• Приглашаем посетить наш сайт
    Маяковский (mayakovskiy.lit-info.ru)
  • Еремин М. П.: Выдающийся реалист.

    Глава: 1 2 3 4 5 6 7

    Выдающийся реалист

    На своих современников Писемский производил не совсем обычное и даже, может быть, несколько странное впечатление. Один из самых популярных писателей своего времени, тонкий знаток театра и сам незаурядный актер, он по внешности ничем не напоминал художника, артиста, как тогда называли всякого человека, причастного к искусству. Петербургским и московским литераторам бросалось в глаза прежде всего провинциальное в нем. "Трудно себе представить, - вспоминает П. В. Анненков, - более полный, цельный тип чрезвычайно умного и вместе оригинального провинциала, чем тот, который явился в Петербург в образе... Писемского, с его крепкой, коренастой фигурой, большой головой, испытующими, наблюдательными глазами и ленивой походкой"1. А он не только не старался преодолеть в себе эту "провинциальность", но даже несколько щеголял ею. Говорил он с ярко выраженным костромским акцентом, а о "столичной утонченности жизни", как вспоминает тот же Анненков, всегда отзывался насмешливо. В нем было что-то простецки-задиристое, свойственное его младшим современникам - писателям-разночинцам 60-70-х годов.
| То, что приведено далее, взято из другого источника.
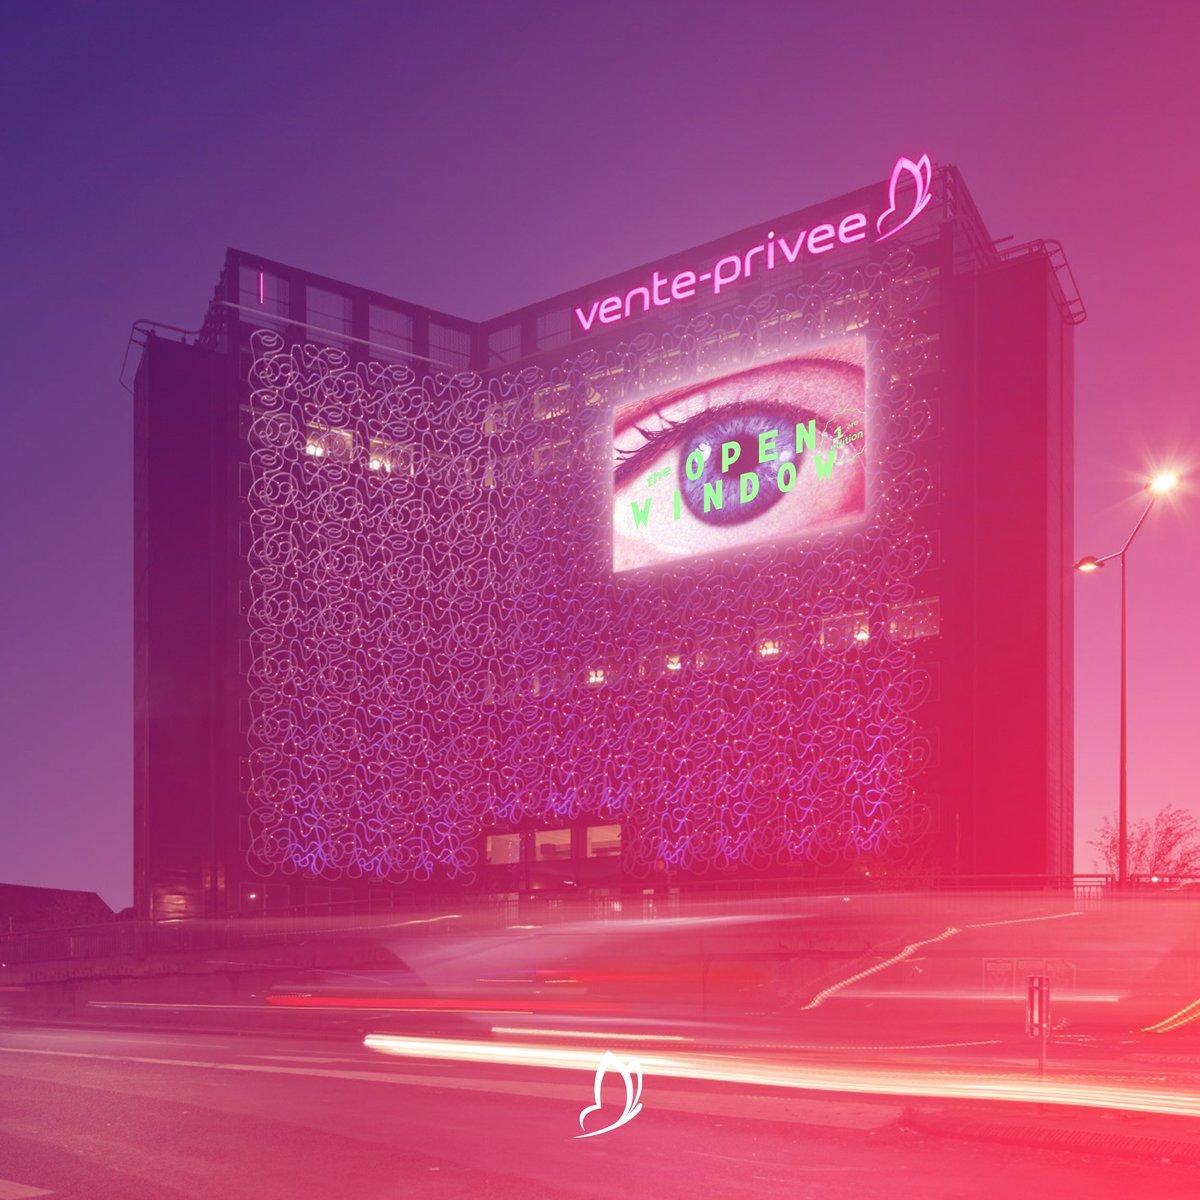 #venteprivee lance The Open Window, un appel à projets vidéo ouvert à tous ! Révélez votre talent ici &gt; https://www. theopenwindow.com / &nbsp;  <br>http://pic.twitter.com/UOdqUceIa9

    Но в его поведении нельзя было не заметить и того, что заставляло вспомнить патриархально-помещичьи нравы, что Анненков обозначил гоголевским словечком "халатность". Такое сочетание на первый взгляд казалось странным. Однако люди, близко знавшие Писемского, ясно видели, как естественно и непринужденно уживались в его характере такие как будто бы взаимоисключающие качества. 

    1

    Алексей Феофилактович Писемский родился 11 марта 1821 года (сам он всегда указывал другую дату - 10 марта 1820 года) в сельце Раменье, Чухломского уезда, Костромской губернии. Писемский любил то ли с гордостью, то ли с веселой иронией говорить о том, что он происходит из старинного, едва ли не четырехсотлетнего дворянского рода, что имена его предков "в родных преданьях прозвучали". Однако в новейшие времена ничего от былого могущества и славы Писемских не осталось. Отец будущего писателя, Феофилакт Гаврилович, выслужившийся из солдат подполковник в отставке, был дворянин без поместья. Он "зажил помещиком" только потому, что его жена - Евдокия Алексеевна Шипова - получила в приданое небольшое именьице.

    В "Людях сороковых годов" есть выразительный диалог между Павлом Вихровым, образ которого, по признанию самого Писемского, во многом автобиографичен, и его отцом. Возвращаясь из гостей от богатой соседки Абреевой, отец с сыном разговорились о военной карьере, и Павел заметил, что служить в гвардии и быть флигель-адъютантом, по-видимому, хорошо.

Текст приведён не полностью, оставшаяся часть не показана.